The consolidated financial statements of the Company have been prepared on the accrual basis of accounting, in accordance with accounting principles generally accepted in the United States of America ("US GAAP").

Principles of Consolidation
Principles of Consolidation
The consolidated financial statements include the accounts of the Company and its wholly-owned subsidiaries, OWDPI and National Fuel and Energy, Inc.  All significant intercompany accounts and transactions have been eliminated in consolidation.
Use of Estimates

Use of Estimates

 

The preparation of financial statements in conformity with US GAAP requires management to make estimates and assumptions that affect the reported amounts of assets and liabilities at the date of the financial statements and the reported amounts of revenue and expenses during the reporting periods.  Actual results could differ from those estimates. 
Cash and Cash Equivalents

Cash and Cash Equivalents

 

Cash and cash equivalents consist of cash held in banks and on hand and highly liquid investments which are unrestricted as to withdrawal or use, and which have remaining maturities of three months or less when purchased. Cash balances may periodically exceed the federal depository insurance limit, however, the Company believes that risk of loss is minimal due to the strength of the financial institution in which funds are held.

Reverse Merger and Recapitalization

Reverse Merger and Recapitalization

 

On July 21, 2011, OWDPI entered into a reverse merger with the Company.

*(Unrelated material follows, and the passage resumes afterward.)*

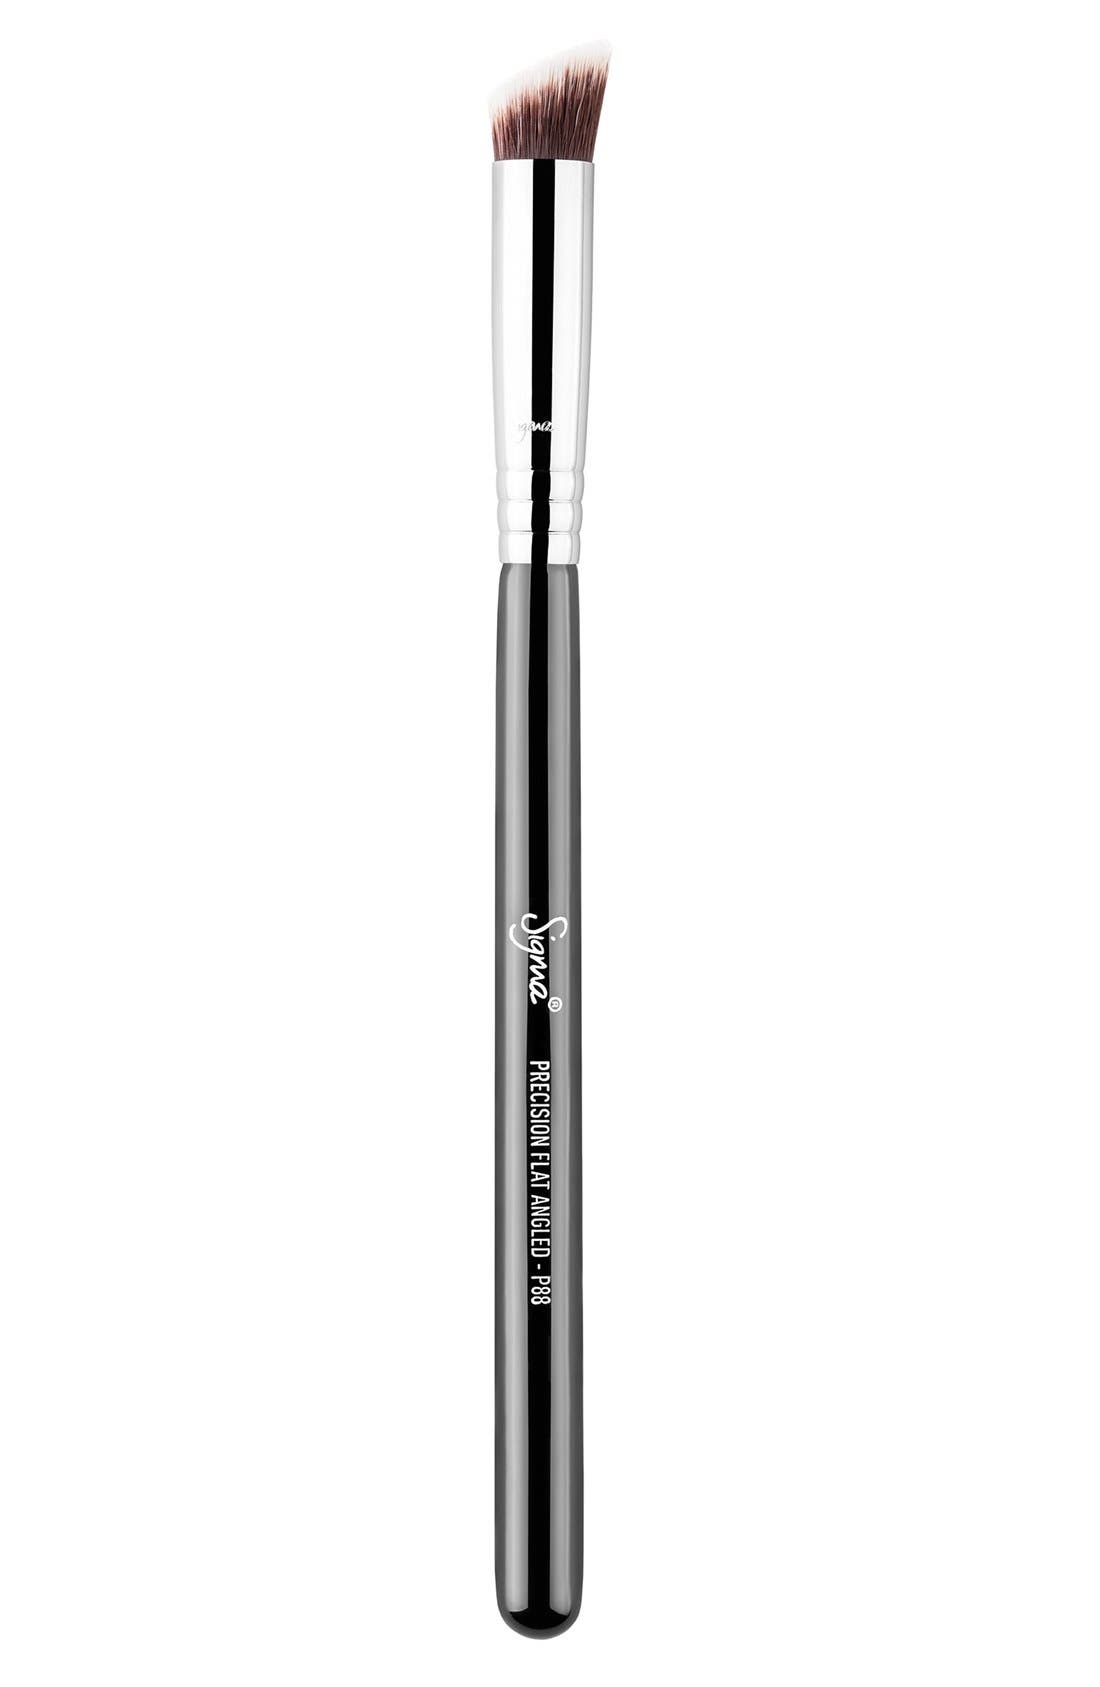 P88 Precision Flat Angled<sup>™</sup> Brush,                             Main thumbnail 1, color,                             NO COLOR
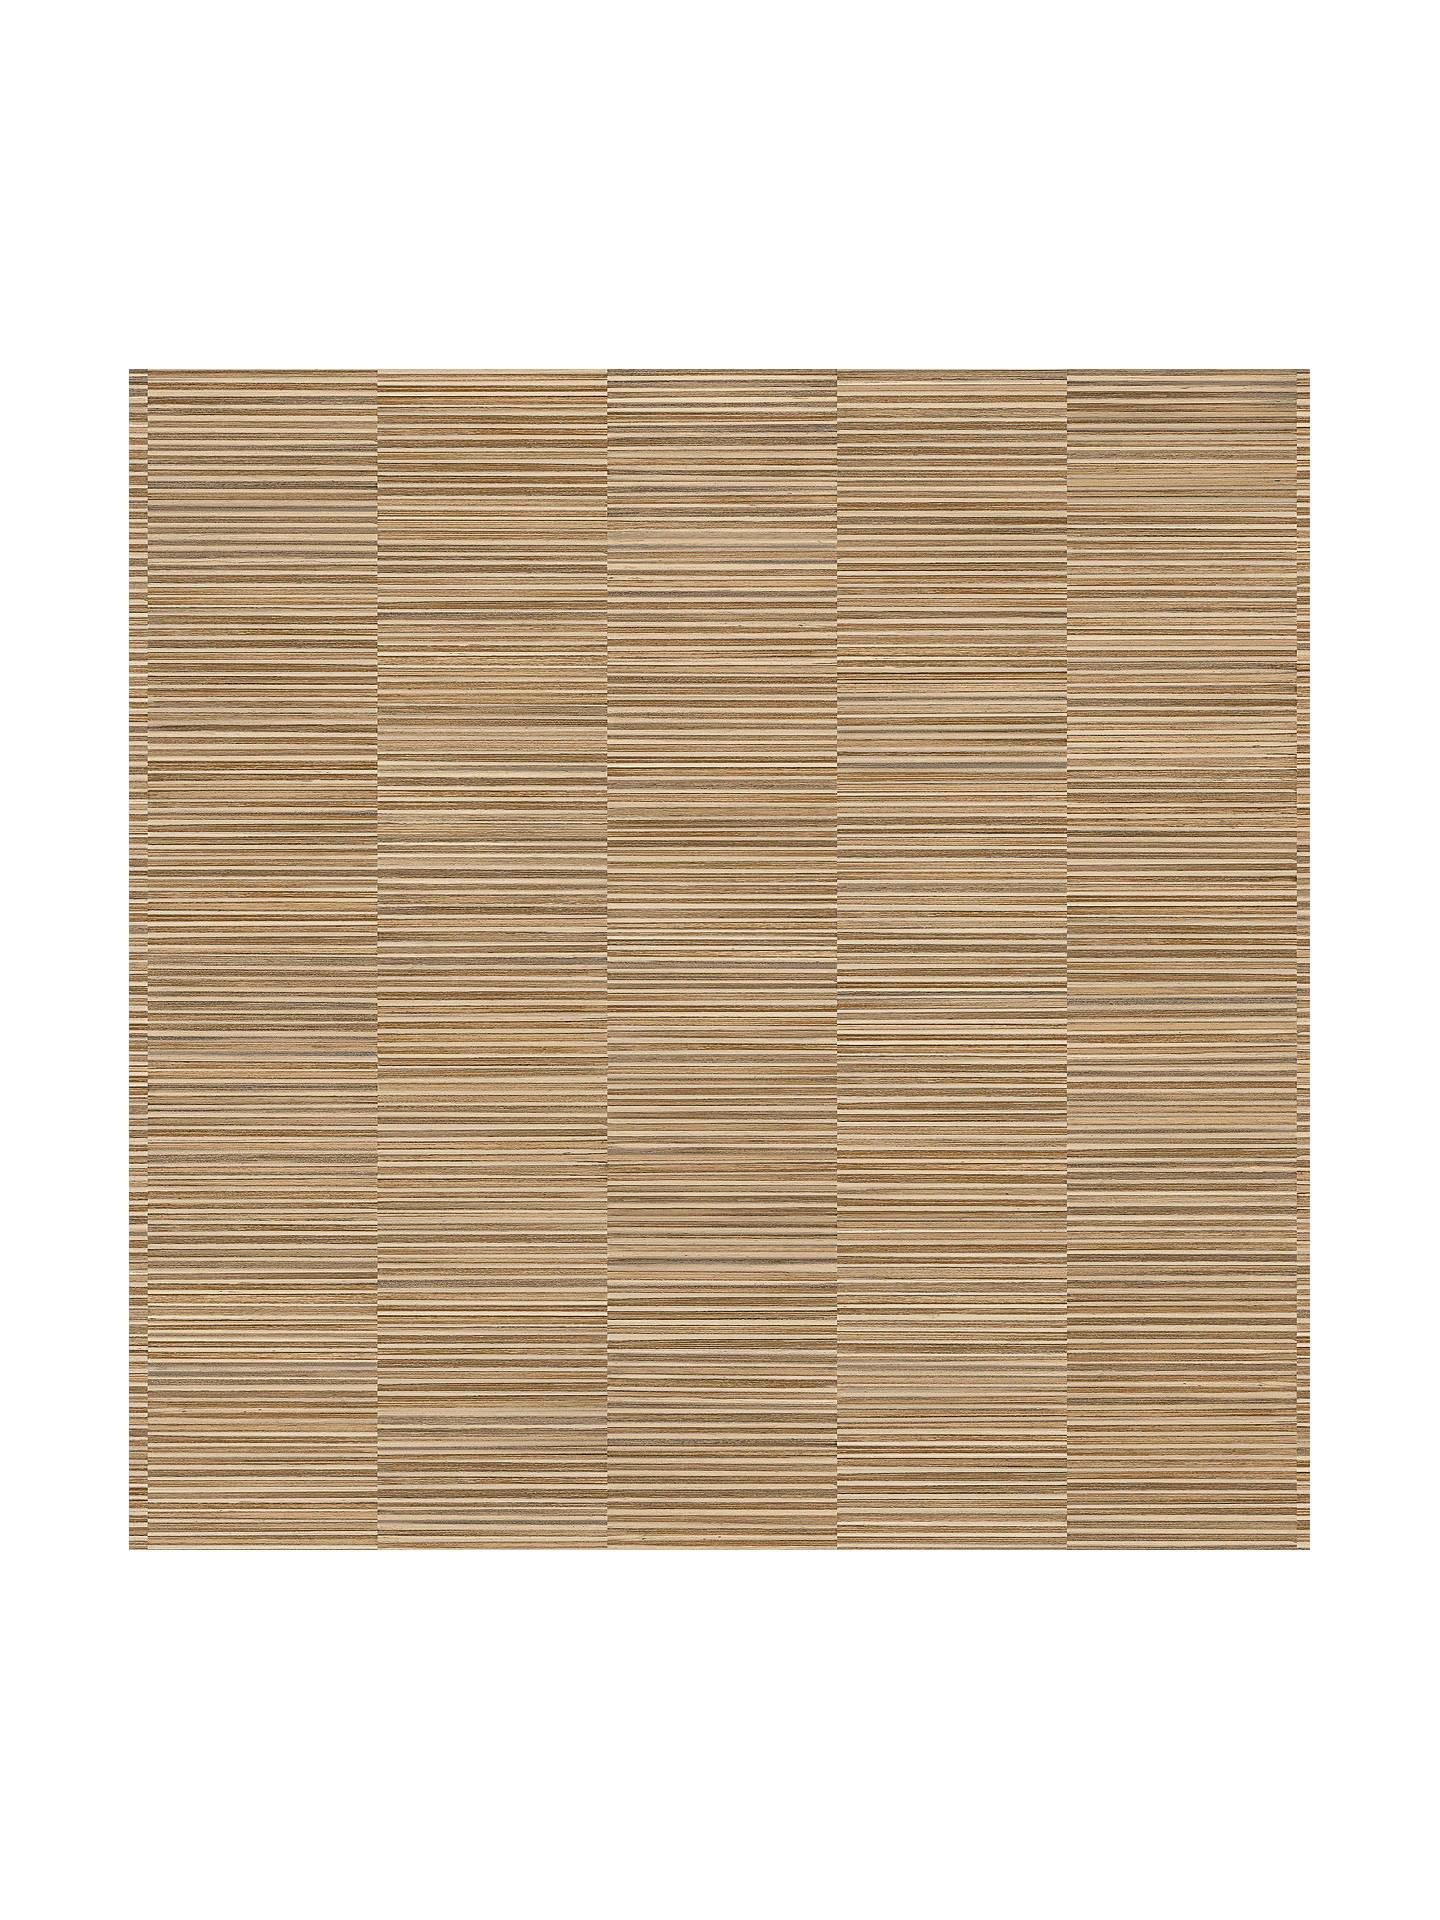 john lewis partners design ultimate 20 vinyl flooring at john lewis partners. Black Bedroom Furniture Sets. Home Design Ideas

The reverse merger which resulted in a recapitalization of OWDPI was achieved through a Share Exchange Agreement (the "Share Exchange") with OWDPI's stockholders. The Company is the acquiring legal entity in the transaction, but OWDPI is the reporting entity for accounting purposes because its former shareholders emerged from the transaction with a controlling interest in the Company. The acquisition is treated as a recapitalization of OWDPI because, prior to the transaction, the Company had no significant assets, liabilities or operations.

 

The recapitalization of OWDPI was achieved by exchanging each share of OWDPI for 15.2856 shares of the Company (taking into consideration a 38.214 for 1 exchange ratio followed by a 1 for 2.5 reverse split of the Company's shares). OWDPI's shareholders received a total of 130,013,584 shares under the Share Exchange, resulting in 143,577,560 outstanding shares (after the reverse split there were 57,431,029 outstanding shares). Accordingly, OWDPI's shareholders control approximately 90% of the Company after the Share Exchange. The share exchange and reverse stock split have been given retroactive effect in these consolidated financial statements. 

Fair Value of Financial Instruments

Fair Value of Financial Instruments

 

The Company includes fair value information in the notes to financial statements when the fair value of its financial instruments is different from the book value.  When the book value approximates fair value, no additional disclosure is made.

 

Accounting Standards Codification ("ASC") 820-10 establishes a framework for measuring fair value.  That framework provides a fair value hierarchy that prioritizes the inputs to valuation techniques used to measure fair value.  The hierarchy gives the highest priority to unadjusted quoted prices in active markets for identical assets or liabilities (Level 1 measurements) and the lowest priority to unobservable inputs (Level 3 measurements).  The three levels of the fair value hierarchy under ASC 820-10 are described below:

 

Level 1 - Inputs to the valuation methodology are unadjusted quoted prices for identical assets or liabilities in active markets that the Company has the ability to access.

 

Level 2 - Inputs to the valuation methodology include:

 

·                Quoted prices for similar assets or liabilities in active markets;

·                Quoted prices for identical or similar assets or liabilities in inactive markets;

·                Inputs other than quoted prices that are observable for the asset or liability; and

·                Inputs that are derived principally from or corroborated by observable market data by correlation or other means.

 

If the asset or liability has a specified (contractual) term, the Level 2 input must be observable for substantially the full term of the asset or liability.

 

Level 3 - Inputs to the valuation methodology are unobservable and significant to the fair value measurement.

 

An asset's or liability's fair value measurement level within the fair value hierarchy is based on the lowest level of any input that is significant to the fair value measurement. Valuation techniques used need to maximize the use of observable inputs and minimize the use of unobservable inputs. The Company currently has no assets or liabilities that are reported under ASC 820-10.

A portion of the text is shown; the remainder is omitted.